Exercise data:

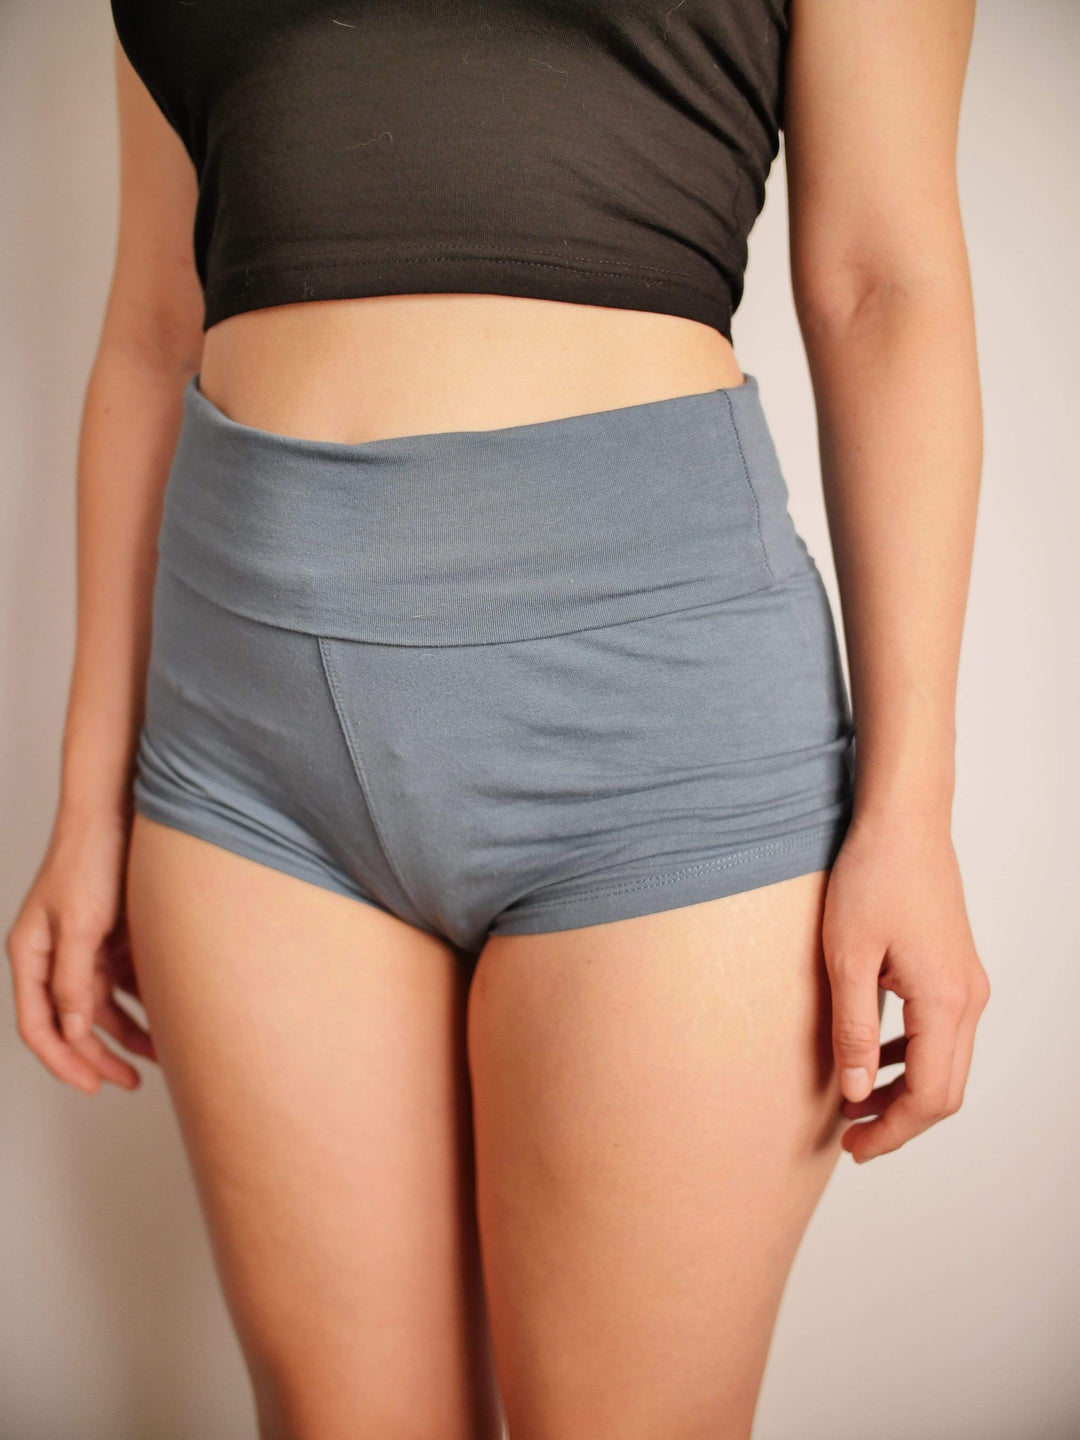 PixelThat Punderwear Yoga Shorts Keyblade Wielders Yoga Shorts/Pants
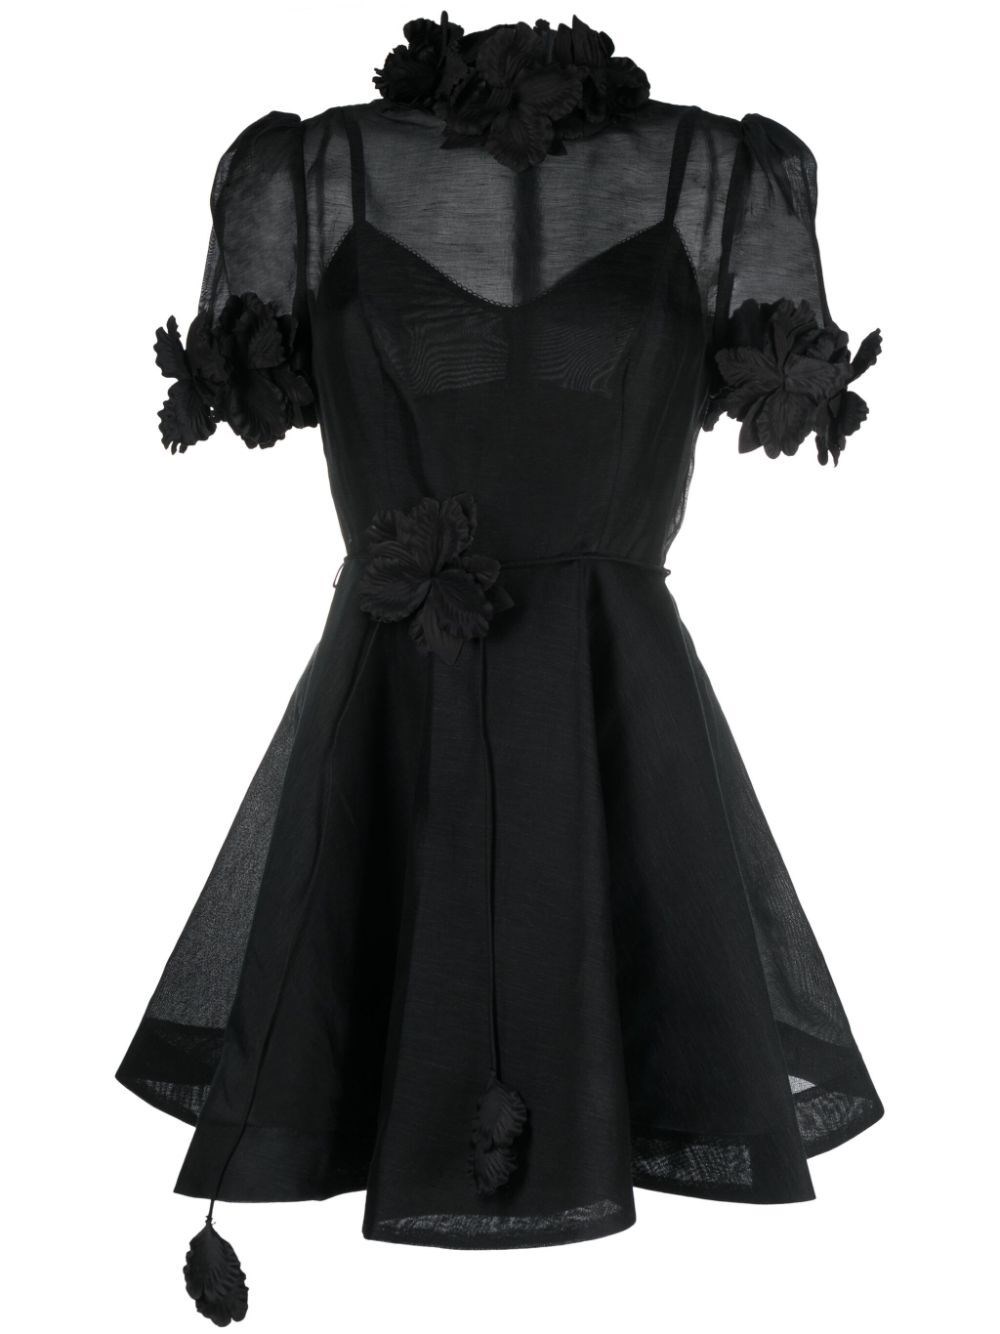 Prada Black Floral Silk Doctor Bag - Ann's Fabulous Closeouts
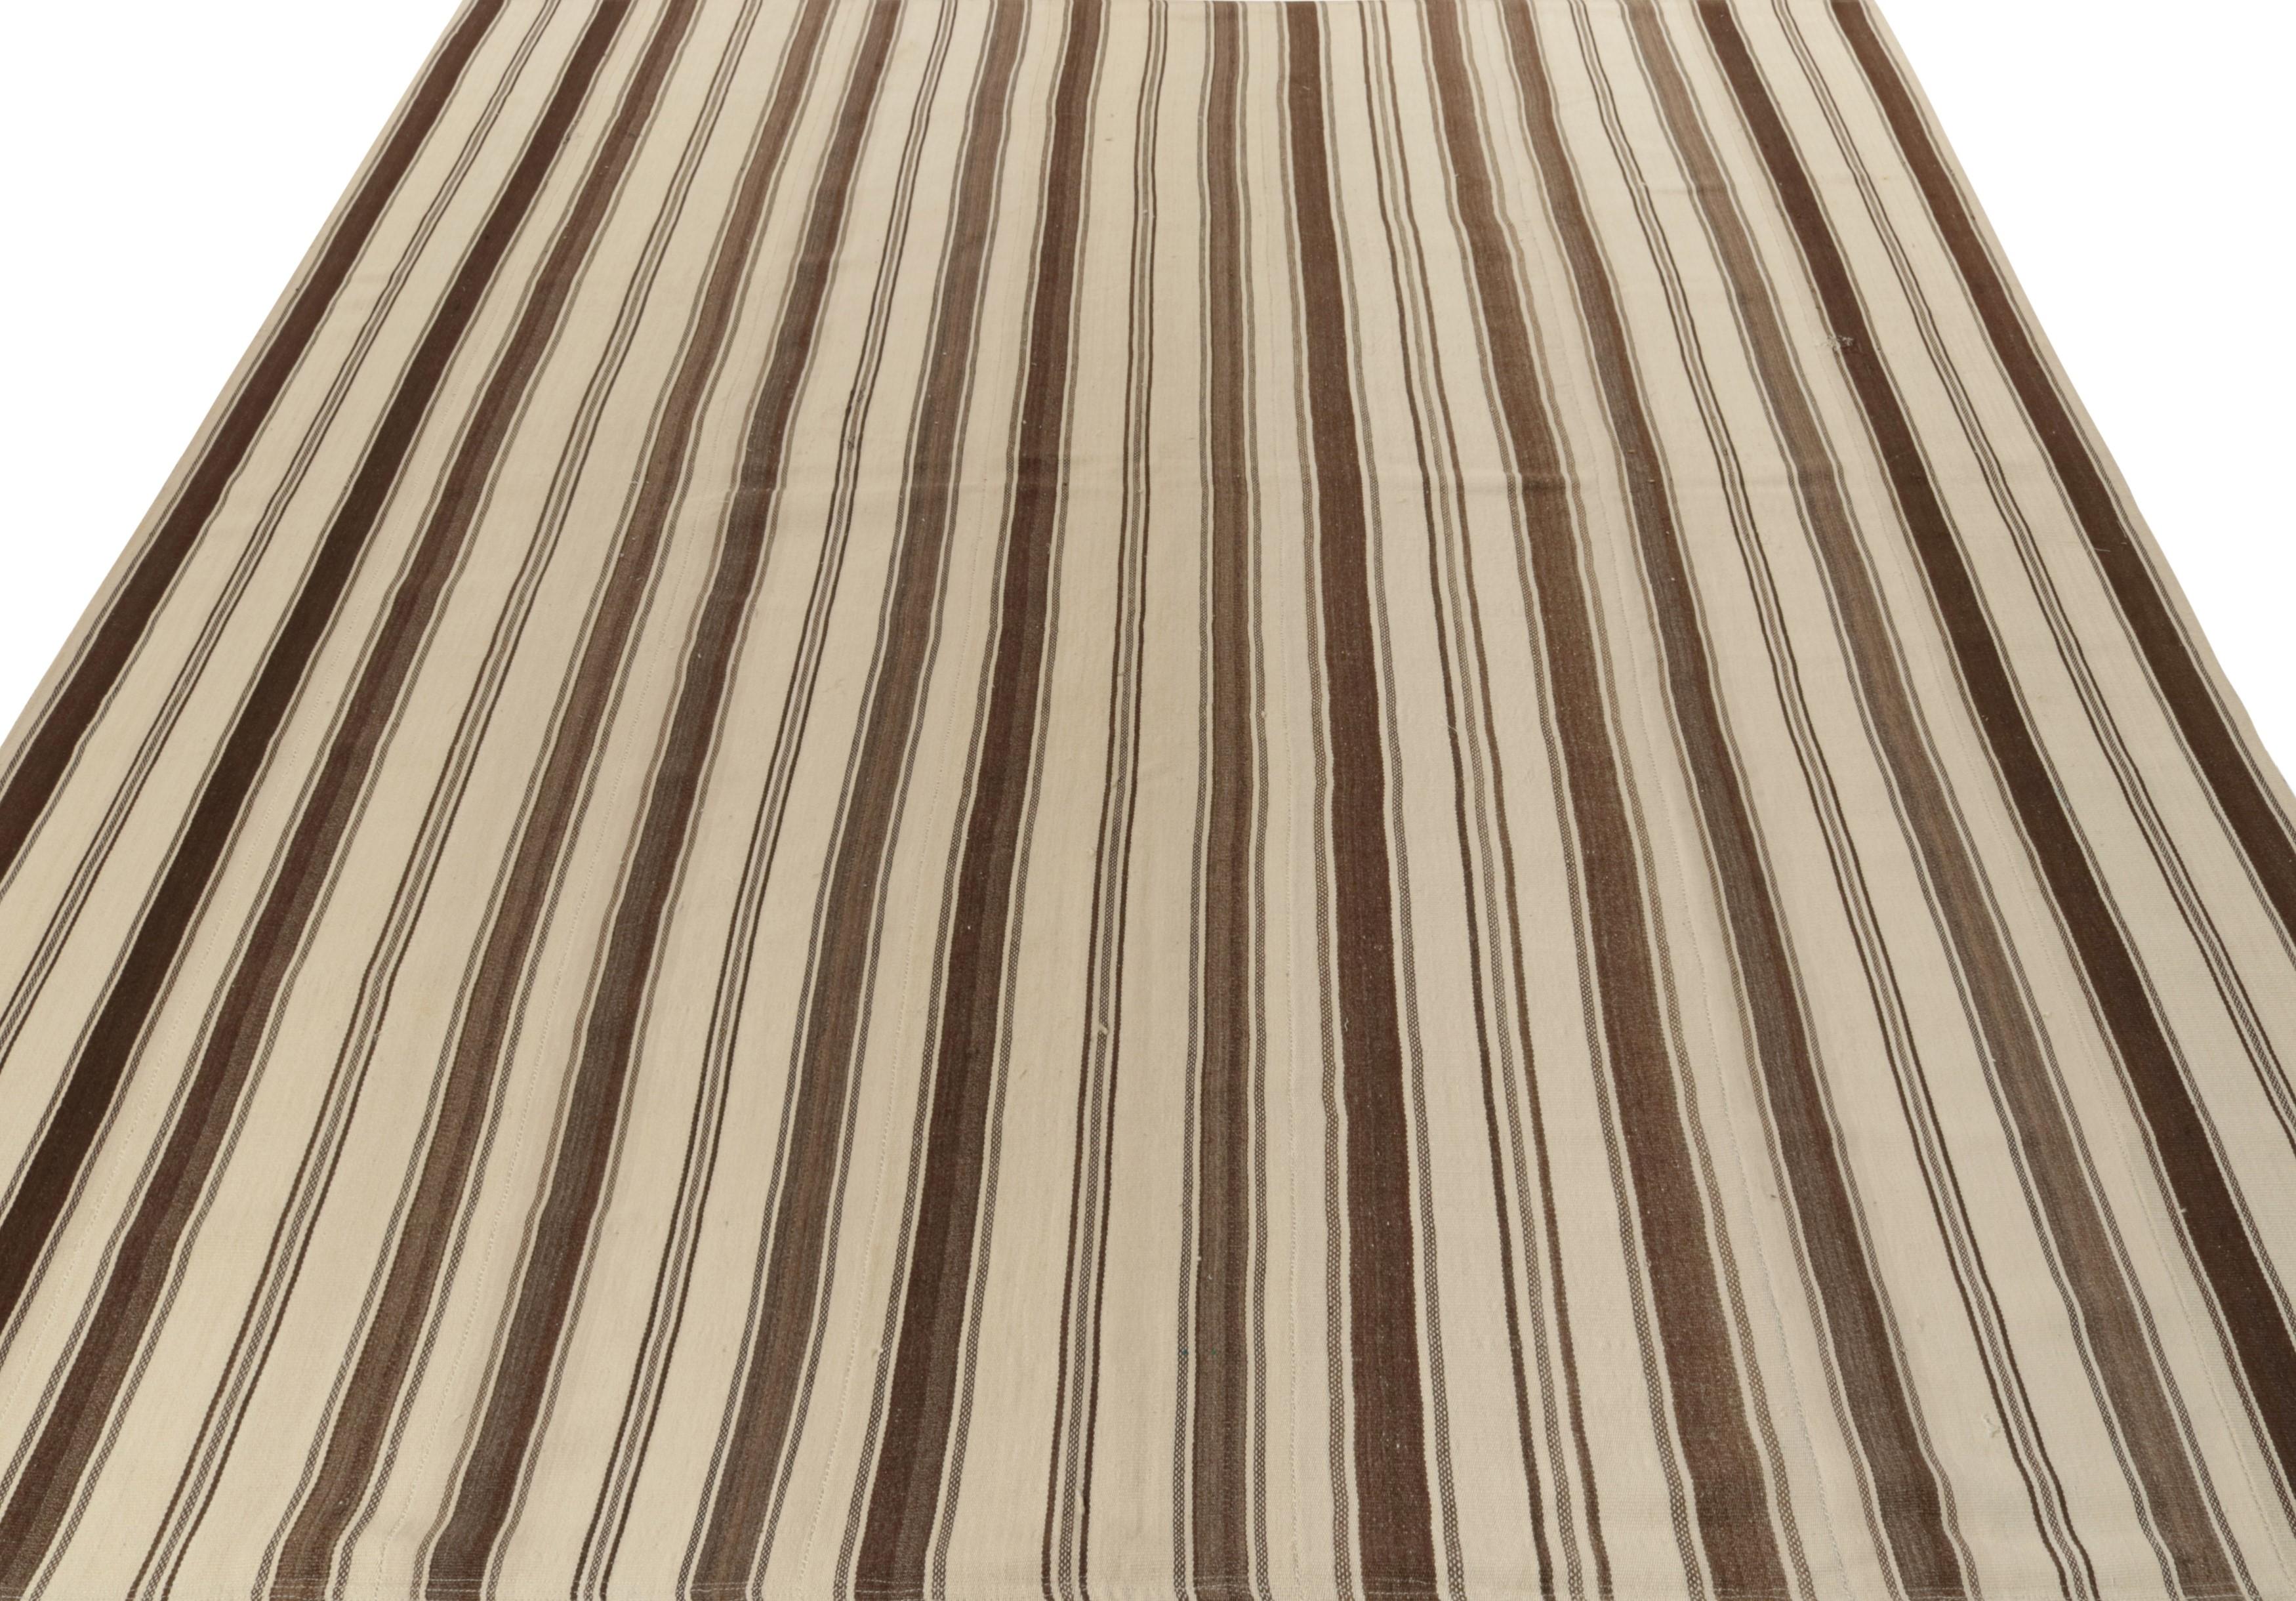 Turkish Vintage Kilim Rug in Beige, Brown Paneled Style, Striped Pattern by Rug & Kilim For Sale

What the exercise asks: Return all of the material precisely as written. No picture belongs in it.

Output:
 PixelThat Punderwear Yoga Shorts Keyblade Wielders Yoga Shorts/Pants
 Prada Black Floral Silk Doctor Bag - Ann's Fabulous Closeouts
 Turkish Vintage Kilim Rug in Beige, Brown Paneled Style, Striped Pattern by Rug & Kilim For Sale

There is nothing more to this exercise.